Reflektionen (Auswahl)

Während des laufenden Projekts erhielten die Teilnehmenden die Möglichkeit,
ihre Erfahrungen in Einzel- und Gruppengesprächen zu reflektieren.


FRAGE: Was habt ihr bisher in der Gruppe gemacht?

M.: Wir haben im Team gearbeitet. Wir haben gut zusammengehalten. Wir waren zuverlässig, kann man so sagen. Fleißig.

FRAGE: Was würdest du sagen hattet ihr für Herausforderungen bis jetzt? Und wie habt ihr diese in der Gruppe gelöst?

B.: So in einer Gruppe sich zu trauen eine Rolle zu spielen, ist nicht so einfach für alle. Zu schreiben ist auch anstrengend, man muss sich konzentrieren. Manchmal, wenn es laut ist in der Gruppe, ist es schwer. Man lenkt sich ab. Aber im Endeffekt klappt es auch. Weil wir immer kommen und mitmachen, obwohl es manchmal nervt oder stresst.

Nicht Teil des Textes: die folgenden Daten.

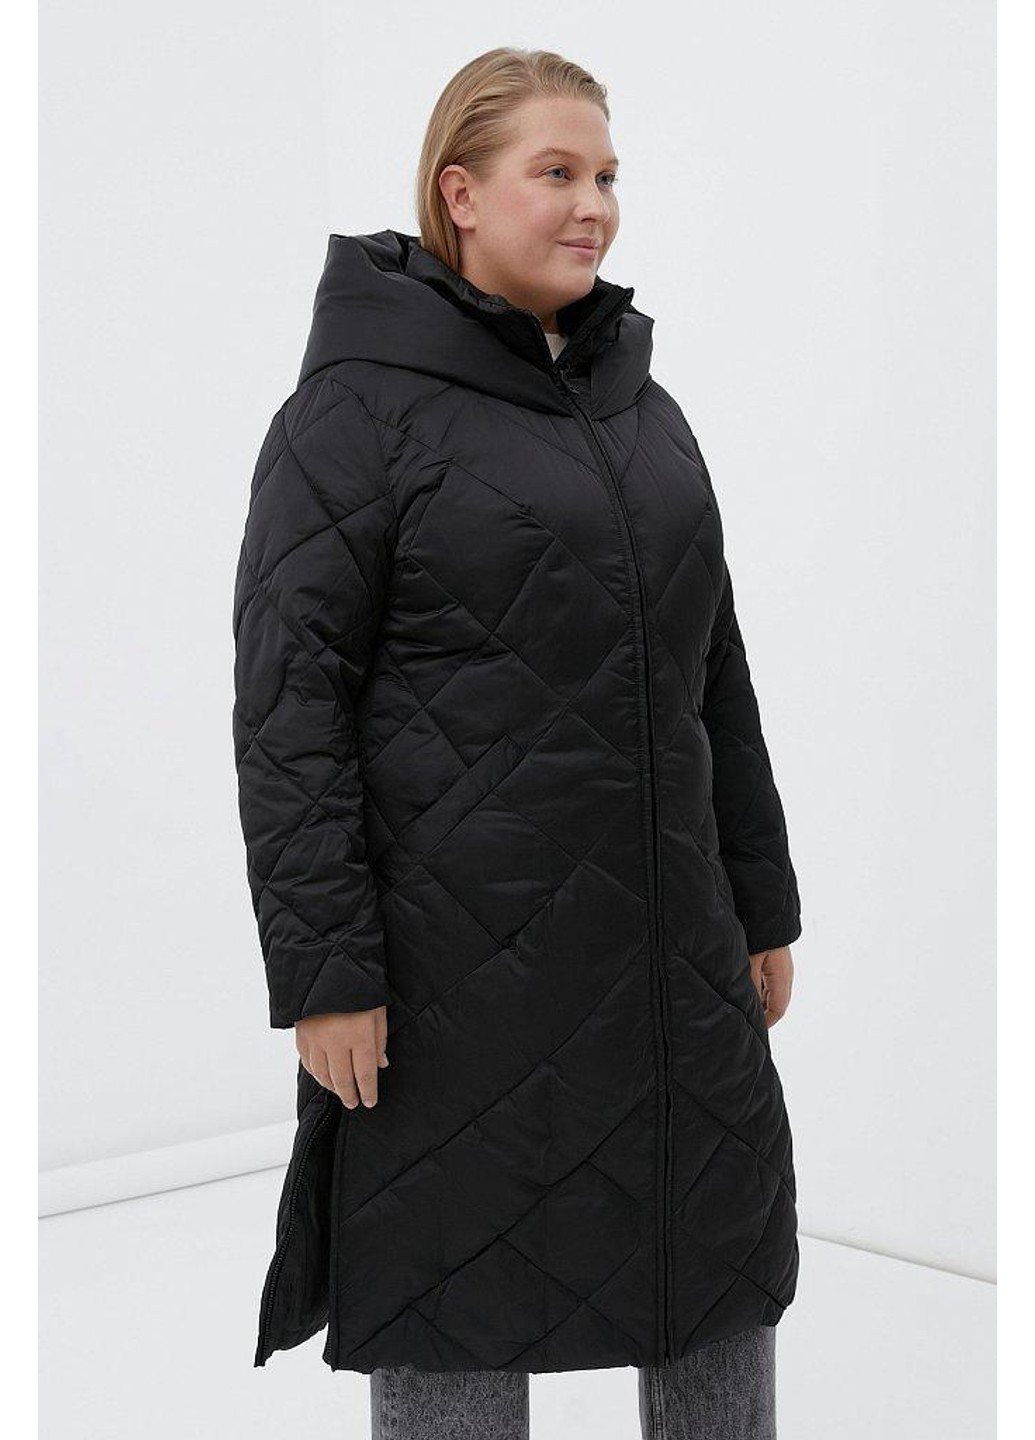 Черная зимняя куртка fwb160130-200 Finn Flare

FRAGE: Hast du etwas gelernt in dem Workshop was du vorher nicht konntest?

M.: Ja, ich bin eigentlich einer, der sich nicht auf andere verlässt. Ich verlasse mich nur auf mich. Aber in so einer Gruppe geht das nicht, man muss schon zusammen arbeiten.

C.: Ja, wenn wir irgendwas 1000 Mal wiederholt haben, habe ich mich gefragt, was ich da mache. Aber ich habe dann trotzdem weiter gemacht.

FRAGE: Bleibst du bei einem Projekt, wenn du dich einmal dafür entschieden hast?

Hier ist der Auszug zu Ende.